Many have become convinced that the best way to theorize about singular causation is by understanding it withing the context of some explicitly represented system of causal determination. Causal determination is a third causal notion, distinct from both singular and general causation. Even though it is incorrect to say that the power being on caused the light to not be illuminated, it is nevertheless true that whether the light is illuminated is causally determined by whether the power is on and the switch is up. And, though one could infer that the power is on from the fact that the light is illuminated, it would be incorrect to say that the whether the power is on is causally determined by whether the light is illuminated. To say this would be to get the direction of causal determination the wrong way ‘round.

Those who think that systems of causal determination have an important role to play in a theory of singular causation typically think that these systems of causal determination may be represeted with systems of structural equations. A system of structural equations is a particular kind of model of a network of causal determination. The model consists of a vector of variables (see section 1 of this post for more on how to think about variables), together with a vector of structural equations. For instance, we may introduce a variable $P$ for whether the power is on (at the relevant place and the relevant time). This variable takes on the value $1$ if the power is on, takes on the value $0$ if the power is off, and is undefined otherwise.
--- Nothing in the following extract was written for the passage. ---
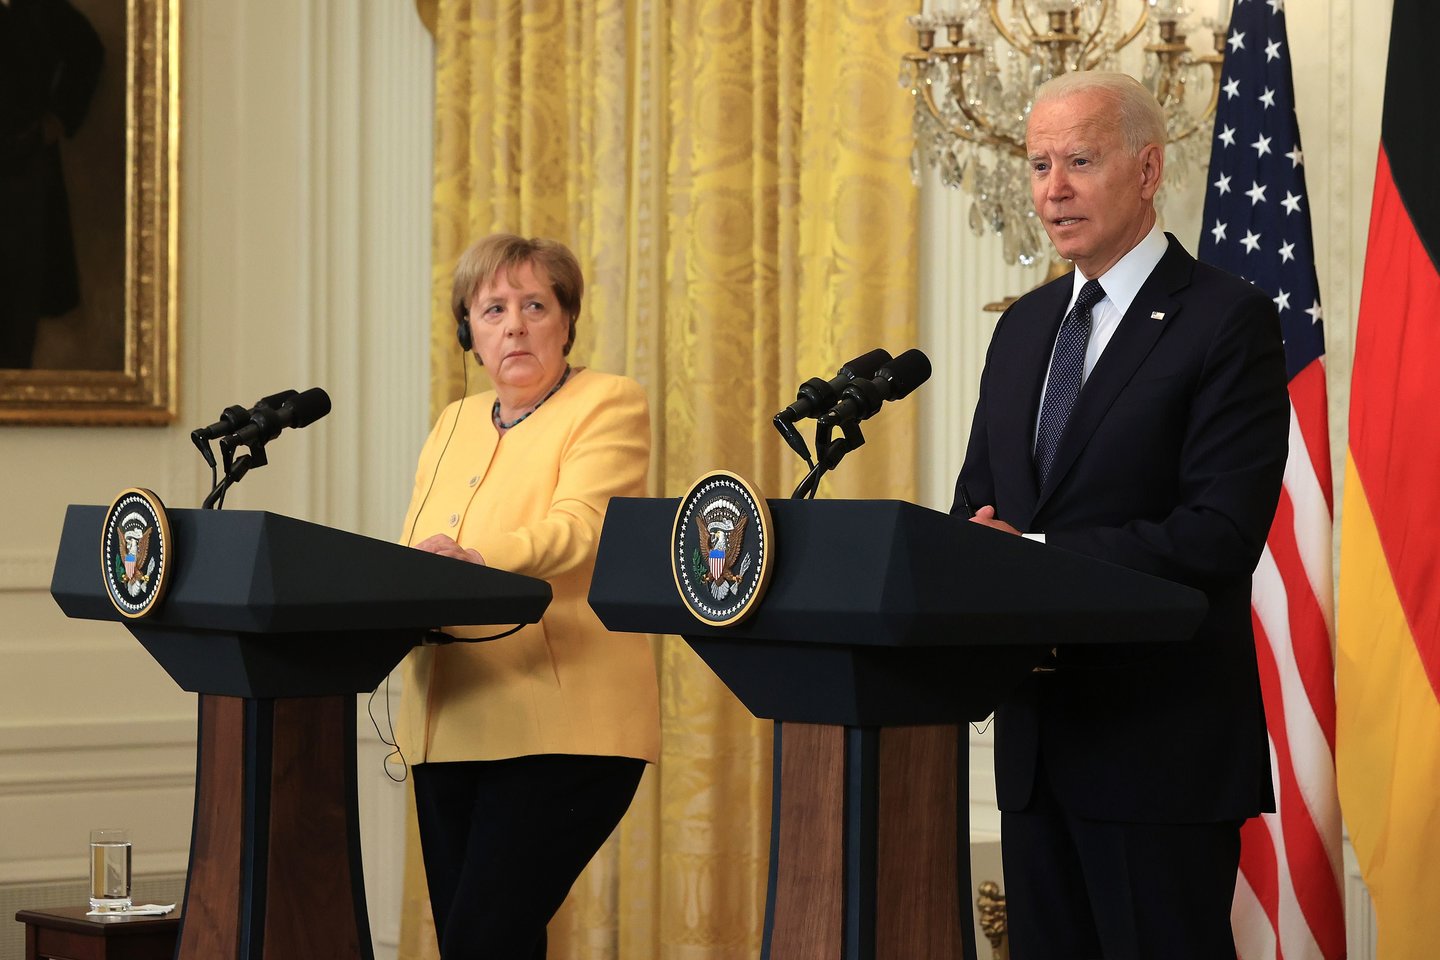  J. Bidenas ir A. Merkel: ne visais klausimais sutariantys draugai.  <br> AFP/Scanpix nuotr.

We may similarly introduce a variable $L$ for whether the light is illuminated—a variable which takes on the value $1$ if the light is illuminated, takes on the value $0$ if the light is not illuminated, and takes on the value $0$ otherwise (if, e.g., the light doesn’t exist). And we may introduce a variable $S$ for whether the switch is up or not (again, $1$ if it’s up, $0$ if it’s down, undefined otherwise). A structural equation then tells us how the value of $L$ is causally determined by the values of $P$ and $S$. In particular, it tells us that \begin{equation}
L := P \wedge S \label{1}\tag{1} \end{equation} (Here, “$\wedge$” is just the truth-function ‘and’.) So, $L$ will take on the value $1$ iff both $P$ and $S$ take on the value $1$. If either $P$ or $S$ is $0$, then $L$ will take on the value $0$ as well. When we combine multiple strutctural equations, we can get a system of structural equations. These systems of equations represent networks of causal determination out in the world. For instance, suppose that whether the power is on is structurally determined by whether the light switch is up. If the light switch is up, then the power is on, and if the light switch is down, then the power is off.
\begin{equation} P := S \tag{2}\label{2} \end{equation} Combining the structural equations \eqref{1} and \eqref{2} gives us a system of structural equations \begin{aligned} L &:= P \wedge S \\\
P &:= S
\end{aligned}

What makes this system of equations structural is that we are interpreting them causally. The equations don’t just say that there is a certain relationship between the values of $L, P,$ and $S$. They additionally says that the value of $L$ is causally determined by the values of $P$ and $S$; and that the value of $P$ is causally determined by the value of $S$. It is for this reason that I use the asymmetric relation “$:=$”, and not the symmetric relation “$=$”. For instance, it follows from the system of equations consisting of \eqref{1} and \eqref{2} that $S=1$ iff $L=1$; so the equation $$ S = L $$ will be true if the system of strutural equations $($\eqref{1}, \eqref{2}$)$ is. However, it will be false that $$ S := L $$ For, even though the value of $S$ must match the value of $L$, it is not the case that the value of $S$ is causally determined by the value of $L$. It is this additional information which is conveyed by the symbol $:=$.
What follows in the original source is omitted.